Opposition from a president of the CTC in 1878 to compulsory cycle paths, perhaps? Wrong.

A complaint from the Self Propelled Traffic Association of 1895? Nope.

Mind-blowingly, it’s by William Joynson-Hicks, writing in the Motor Union’s Journal in 1909. Joynson-Hicks, a Conservative MP petrolhead was Minister for Health, 1923-4 and Home Secretary, 1924-29.

It’s amazing to realise that motorists once had the same fears as cyclists today; that they’d be shunted off to a hinterland, segregated from other road users.



The Joynson-Hicks quote - and many other little nuggets of history - has come from my researches for iPayRoadTax.com. I’m working on a timeline of road funding, starting with the Roads Improvement Association, an organisation founded in 1886 by the Cyclists’ Touring Club and the National Cyclists’ Union.

The RIA wanted Britain’s dusty roads to be sealed with tarmac. The organisation pamphleted MPs and presented a strong case from “cads on casters” (the Lycra Lout equivalent of the late 19 Century, a reference to cyclists coined by uppercrust horse-riders) but the issue wasn’t taken seriously until adopted by the nascent ‘automobilism’ lobby.

Part of this lobby was the Self Propelled Traffic Association. It wasn’t self propelled in the sense we know today, it was in the sense of propelled by an engine, not a horse. A prominent cyclist sat on the SPTA’s council: E. R Shipton, secretary of the Cyclists’ Touring Club.

The SPTA was one of the organisations later to merge into the Automobile Association (AA), founded in 1905.

Edmund King, the AA’s current president is a cyclist: he often about rides on his Whyte MTB.

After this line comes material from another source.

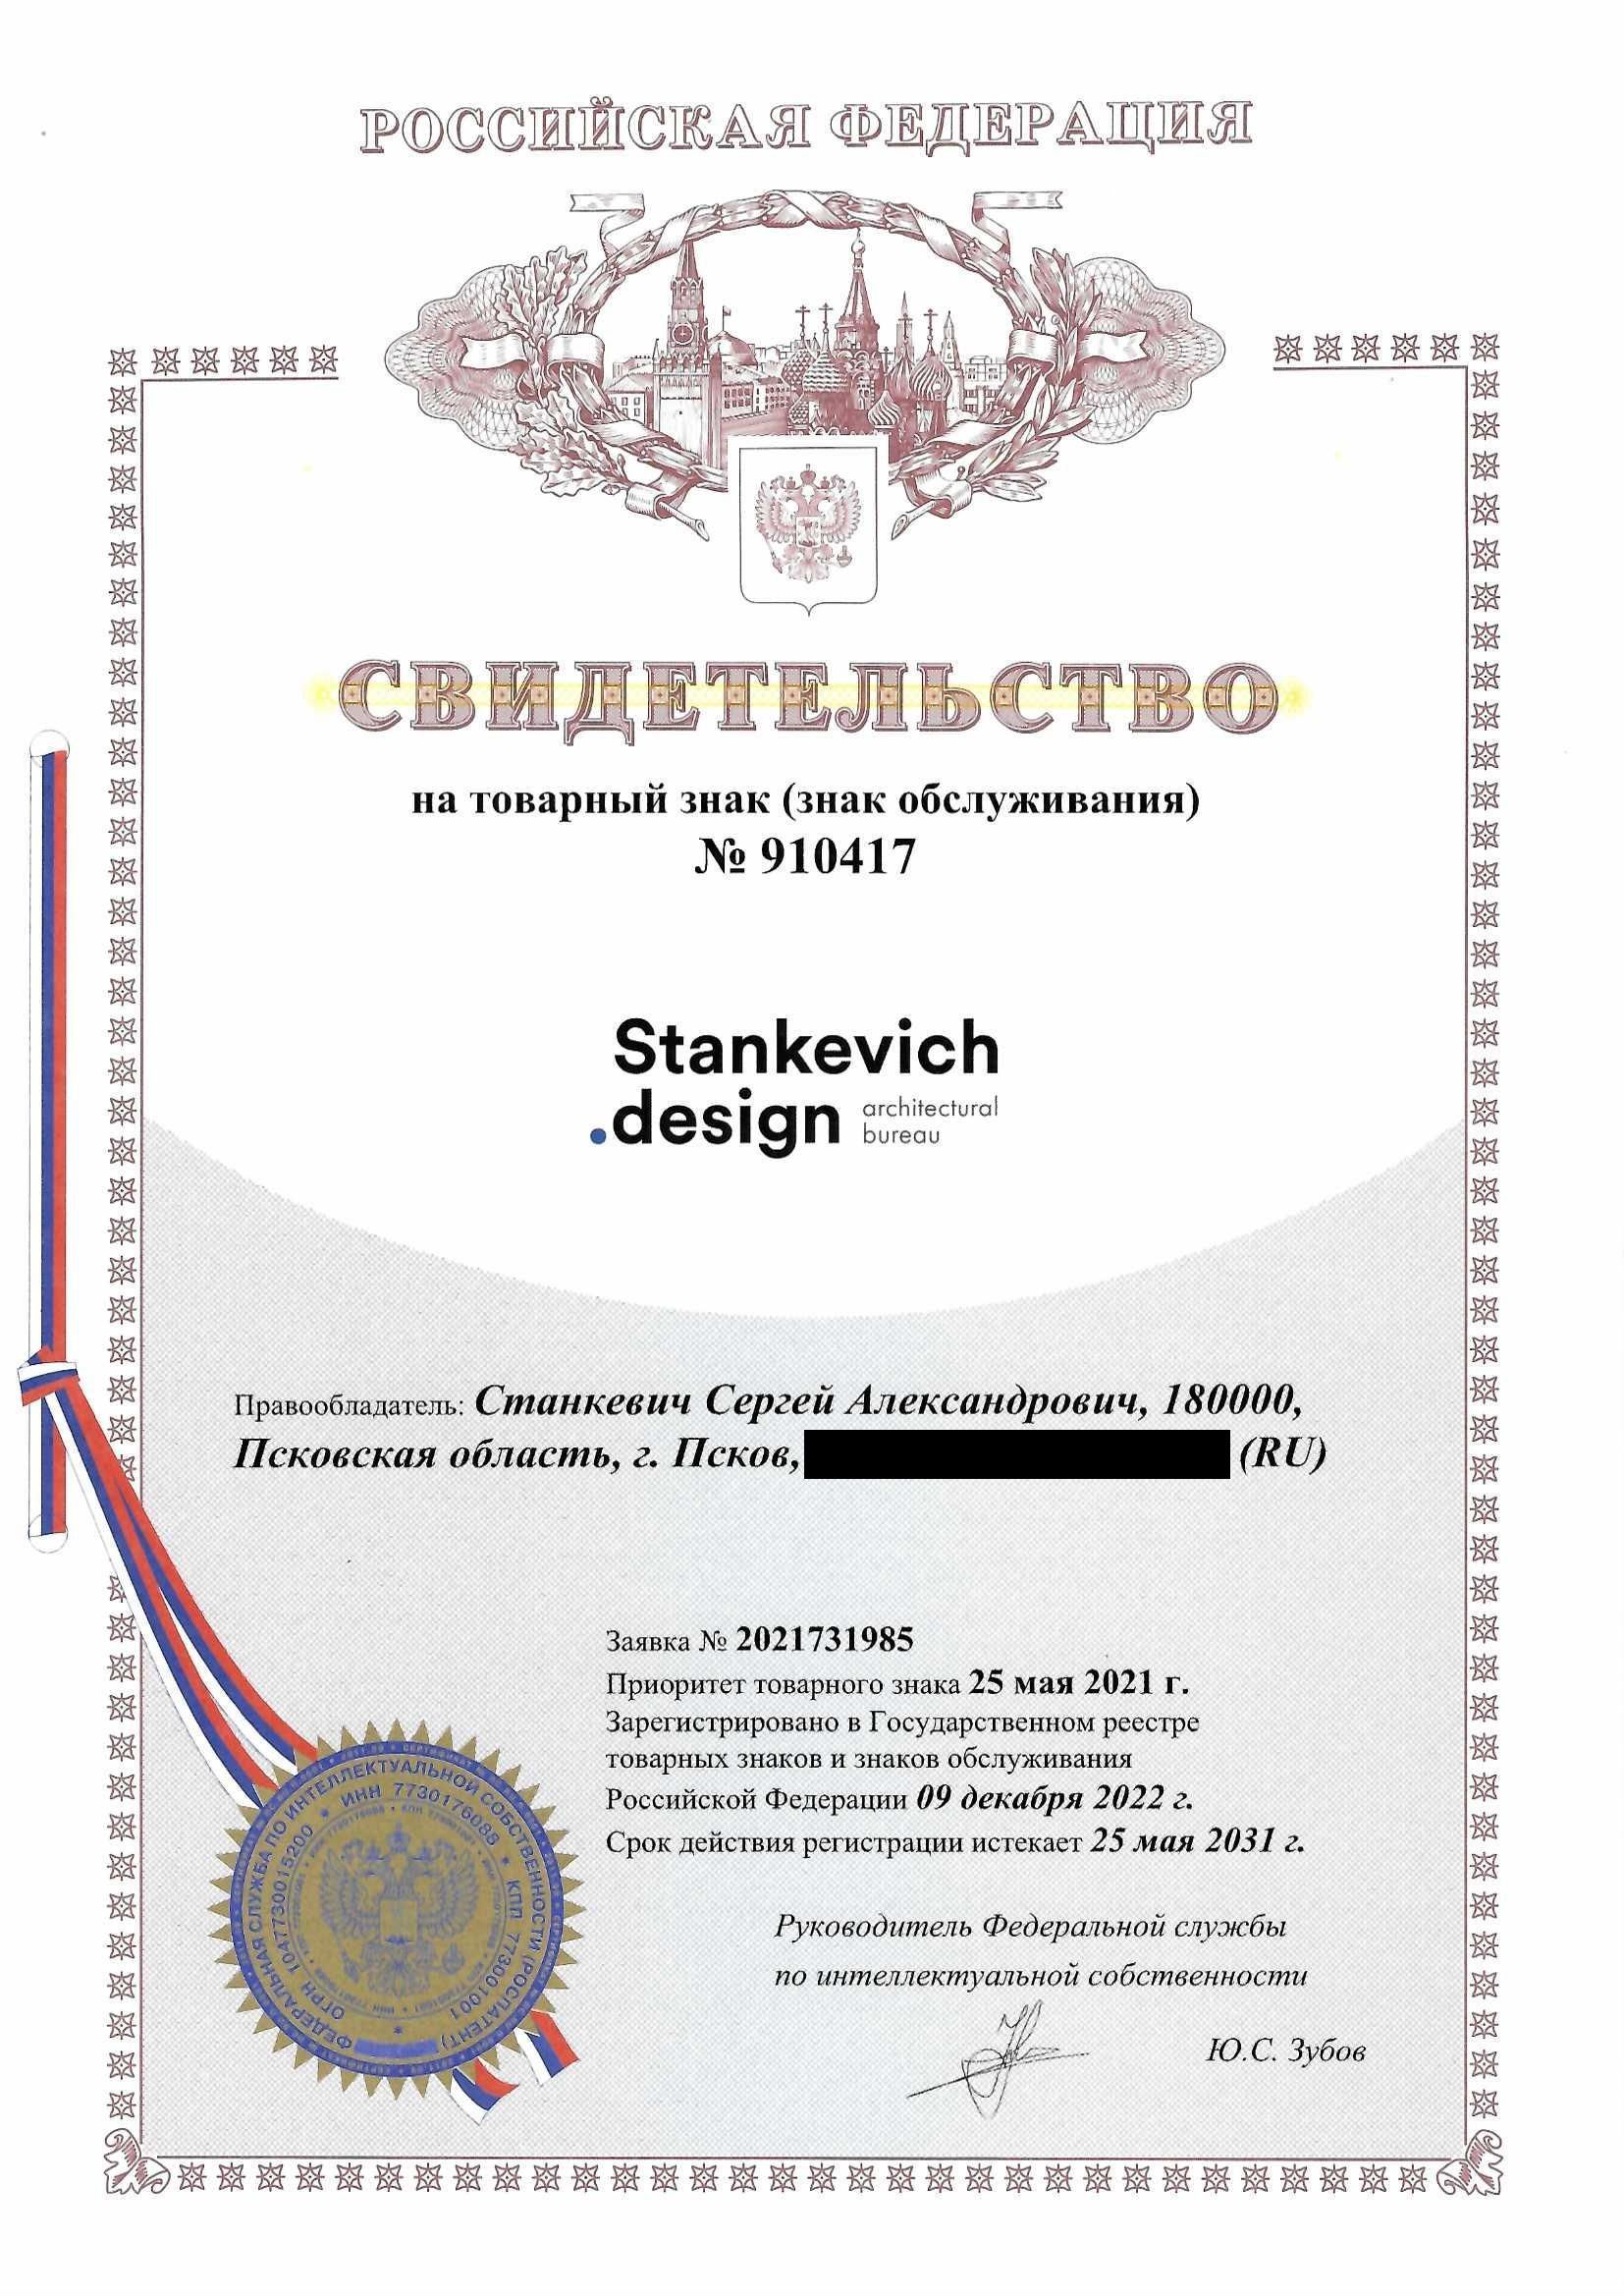 Товарный знак № 910417 – Stankevich design architectural bureau

Cycling also shares some history with the AA. In effect, the organisation was helped into existence by cyclists. In March 1905 a fellow called Walter Gibbons wrote to Autocar magazine suggesting a Motorists’ Protection Association for the Prevention of Police Traps. Two other motorists replied saying arrangements had been made to patrol the Brighton road to warn motorists of said police traps. The first patrols went out in April 1905. Guess what they used as patrol vehicles? Yep, bicycles.

Within months, this informal arrangement of a “special staff of cyclists” was formalised into an organisation and it appointed a full-time secretary: it was called the Automobile Association.